Whether or not the glass walls of these buildings are made of patio doors seems to me neither here nor there, although his mention of the fact is clearly designed to undermine any argument that the buildings are of architectural interest. And they are. There are very few modernist residential buildings in London – indeed, in the country as a whole, as far as I know. In our neck of the woods there are one or two in the Frognal area and one, rather similar to Belsize Park Gdns, on Downshire Hill. We have not been very bold or ambitious in our domestic architecture in this country. To lose what little there is seems a shame to me. The fact that these buildings may not have been built to the highest technical specification is irrelevant; they represent something bold and new for their time and, in my view, retain their interest. That cool, airy, Japanese effect is quite as attractive today as ever.
That the owner should have been involved in the debate about whether they should be listed strikes me as highly suspect in view of his decision to try and redevelop the site: clearly an extremely lucrative ploy. The claim that the proposed new houses will make a ‘positive contribution’ to the surroundings is at best tendentious. “Elegantly detailed Portland stone,” he says. Well, that is estate-agent-speak, usually accompanied by the claim that the building is “luxury” or “executive.” What it really means is that it is intended to look suitably expensive while remaining sufficiently bland not to discourage anyone’s taste, whereas choosing to live in the existing buildings would require some character, some particular bias: not everyone wants to live in a glass house, you can hear the disparagers claiming.
As to the view of the roof from above: which one of us – and there are many on Belsize Lane and the adjoining streets and mews – looks good from above, with our mix of flat roofs made of shiny silver asphalt, felt and weather-stained zinc? And how come it has taken Mr Hall eighteen years to get sensitive about the view he offers to his neighbours? He could clean his roof, remove the clumps of moss and twigs and other muck for a start.
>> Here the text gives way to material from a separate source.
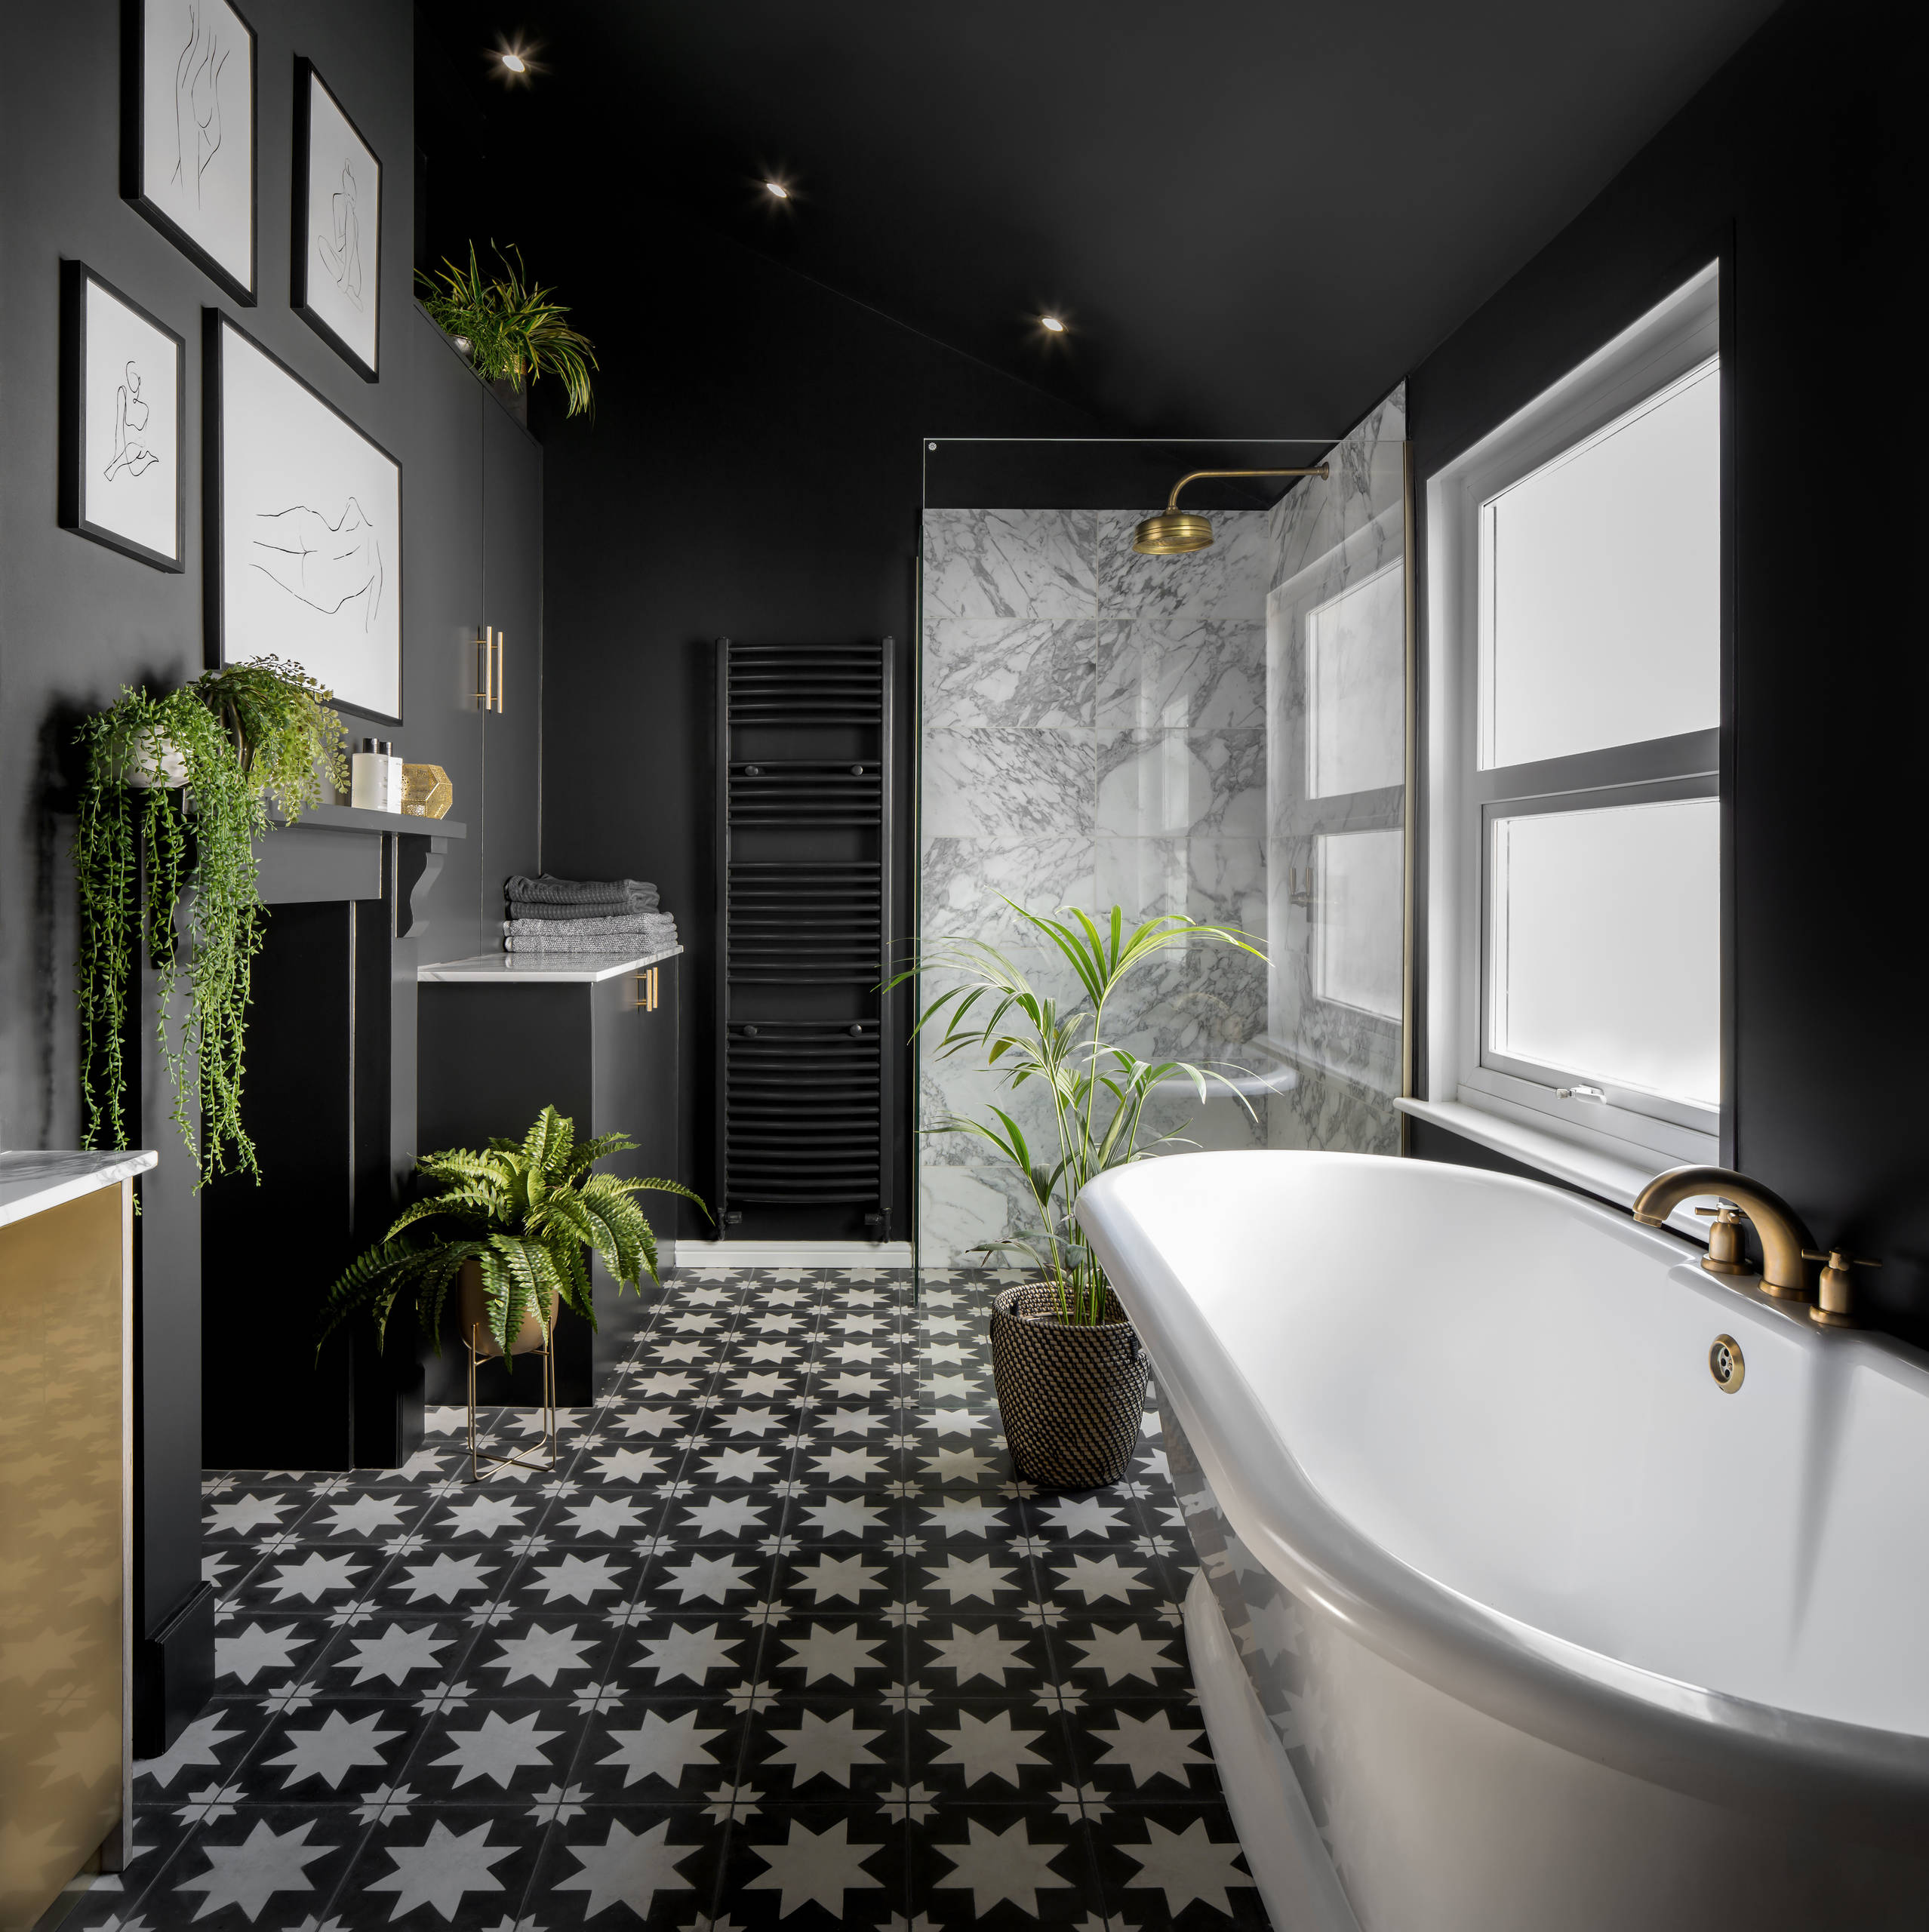 Cost Of Your Bathroom Renovation, How Much Does It Cost To Renovate A Small Bathroom Uk
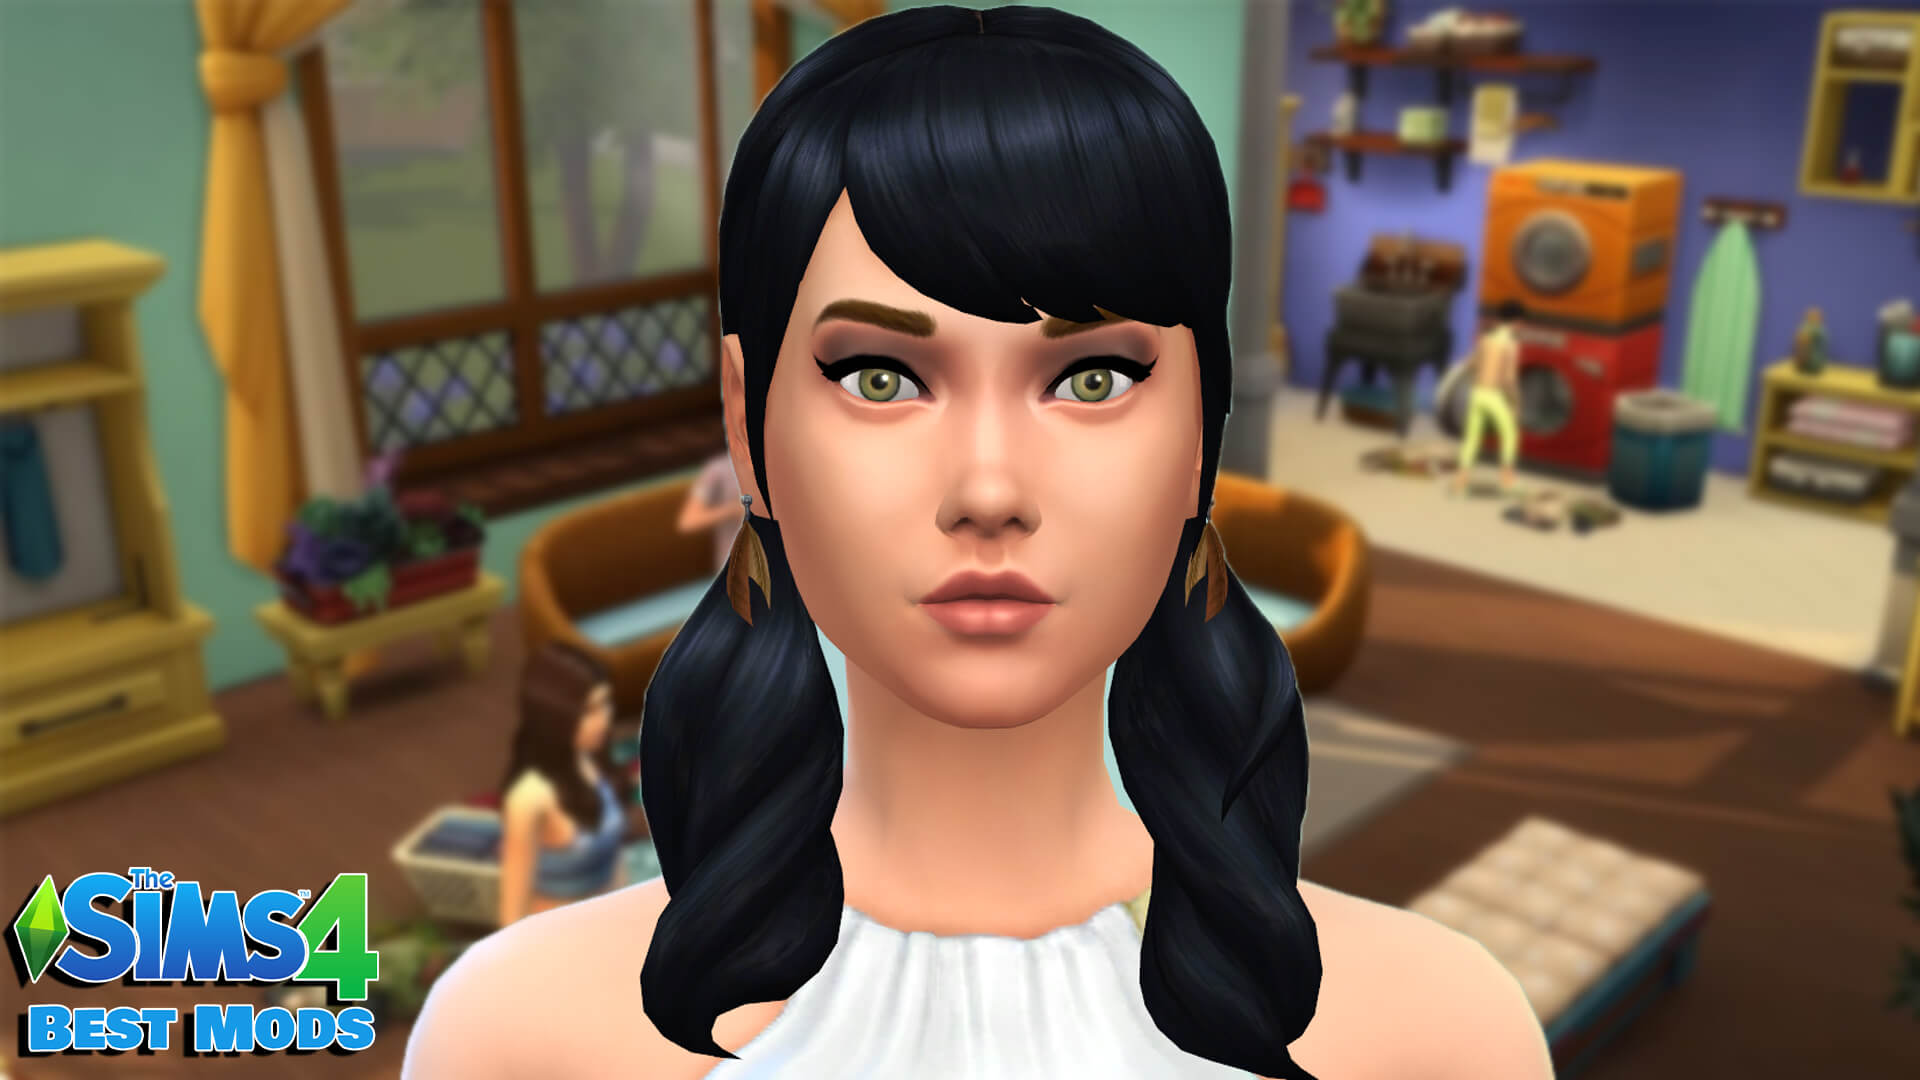 Sims 4 Household Jayda Best Sims Mods

He wonders too how any of us know what his house looks like. I, for one, can see over the wall. Second, a former wife rented office space there twenty-five years ago. Third, the gate used to be left open much more than it is now. And I notice that the whole place looks very uncared for by comparison with former times. Is this deliberate or merely economising in the confident belief that the jackpot is at hand?
It may well be energy-inefficient. How many of the nation’s listed buildings – churches, castles, Jacobean mansions, Georgian and Victorian country houses – are not? How many of the houses on Belsize Park Gardens are energy-efficient in any meaningful sense?
Mr Hall says that the interior of these houses has been much altered from the original arrangements. Of how many historically important buildings, eventually lovingly and expensively restored, has this not been true?